The pictures are to be left out when the listing below is reproduced word for word.

→ **Data provided**

········

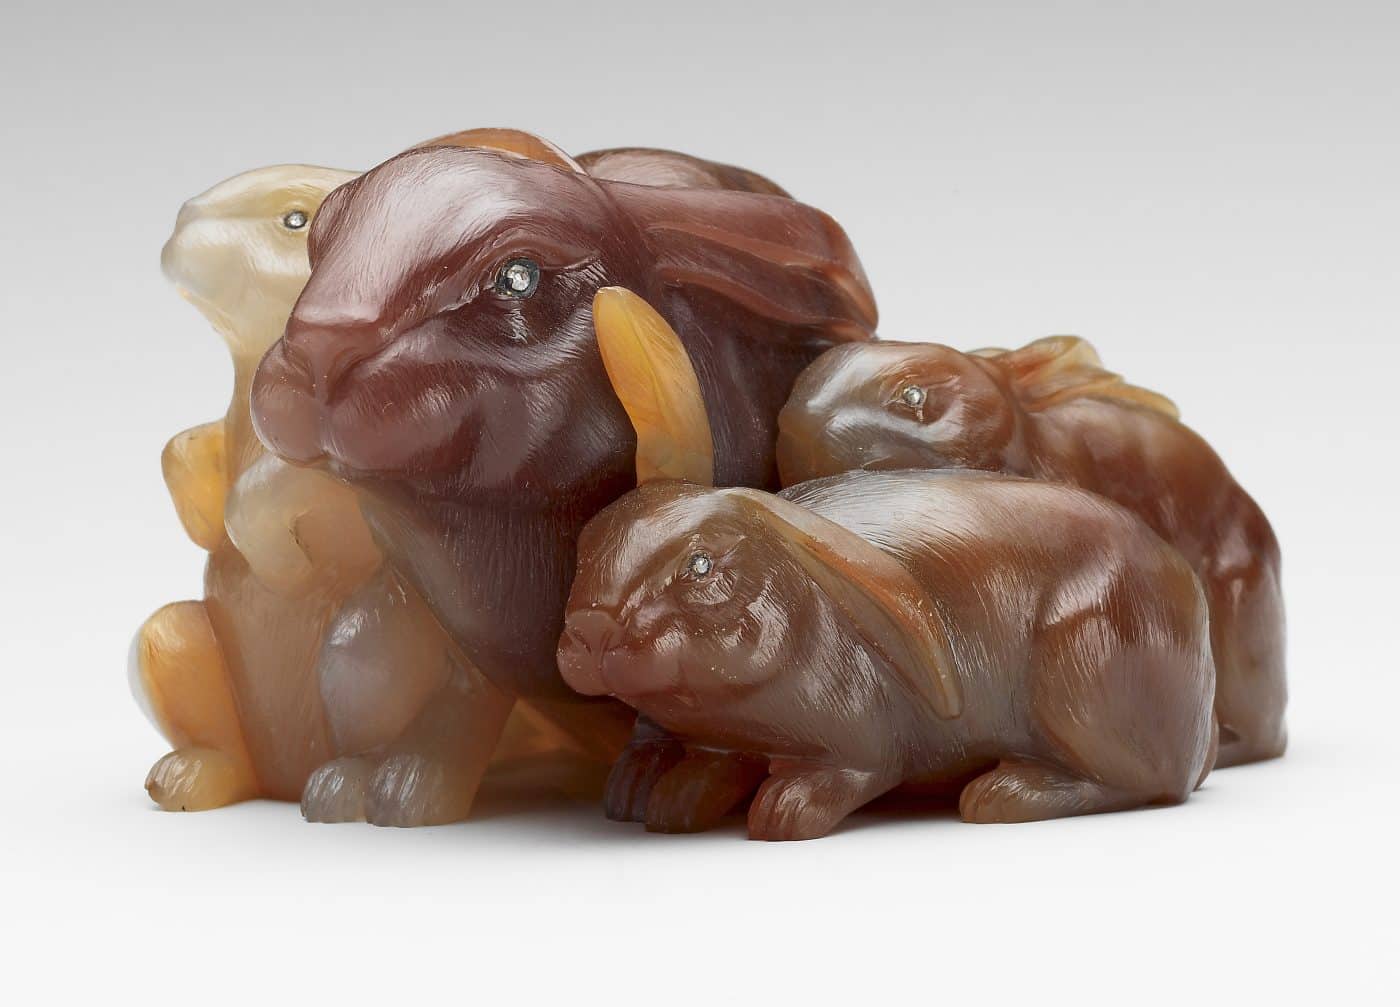 Fabergé carved bunnies with gem eyes
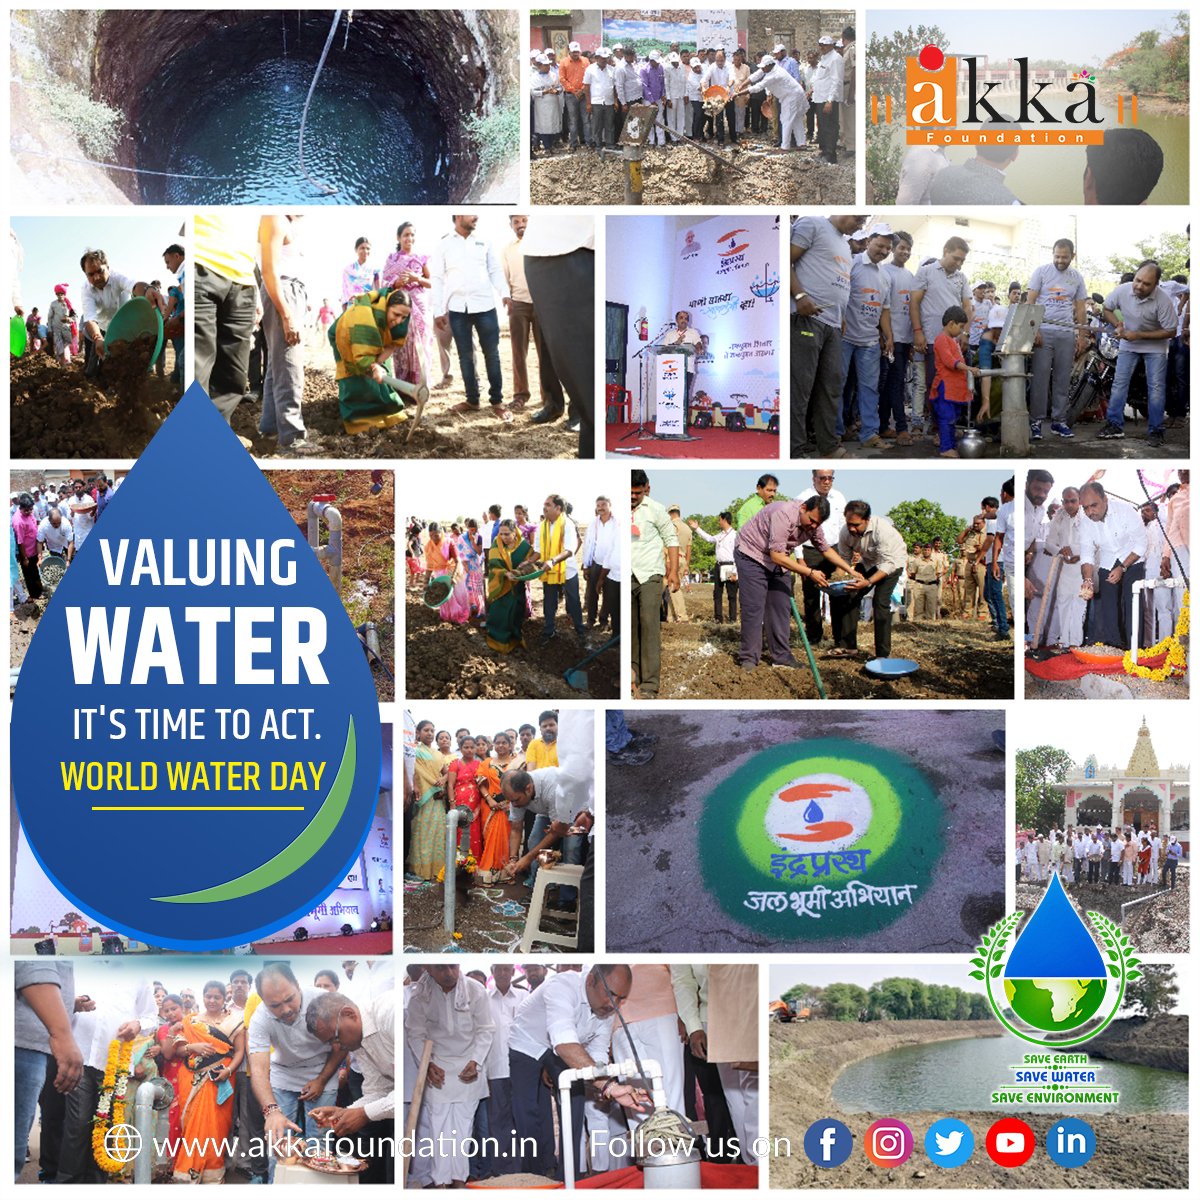 'This World Water Day, let's come together to raise awareness about the importance of water conservation and sustainable water management practices.'

#worldwaterday #waterday #akka #akkafoundation #projectanandi #drushtiabhiyan

········

→ **Expected output**
 Fabergé carved bunnies with gem eyes
 'This World Water Day, let's come together to raise awareness about the importance of water conservation and sustainable water management practices.'

#worldwaterday #waterday #akka #akkafoundation #projectanandi #drushtiabhiyan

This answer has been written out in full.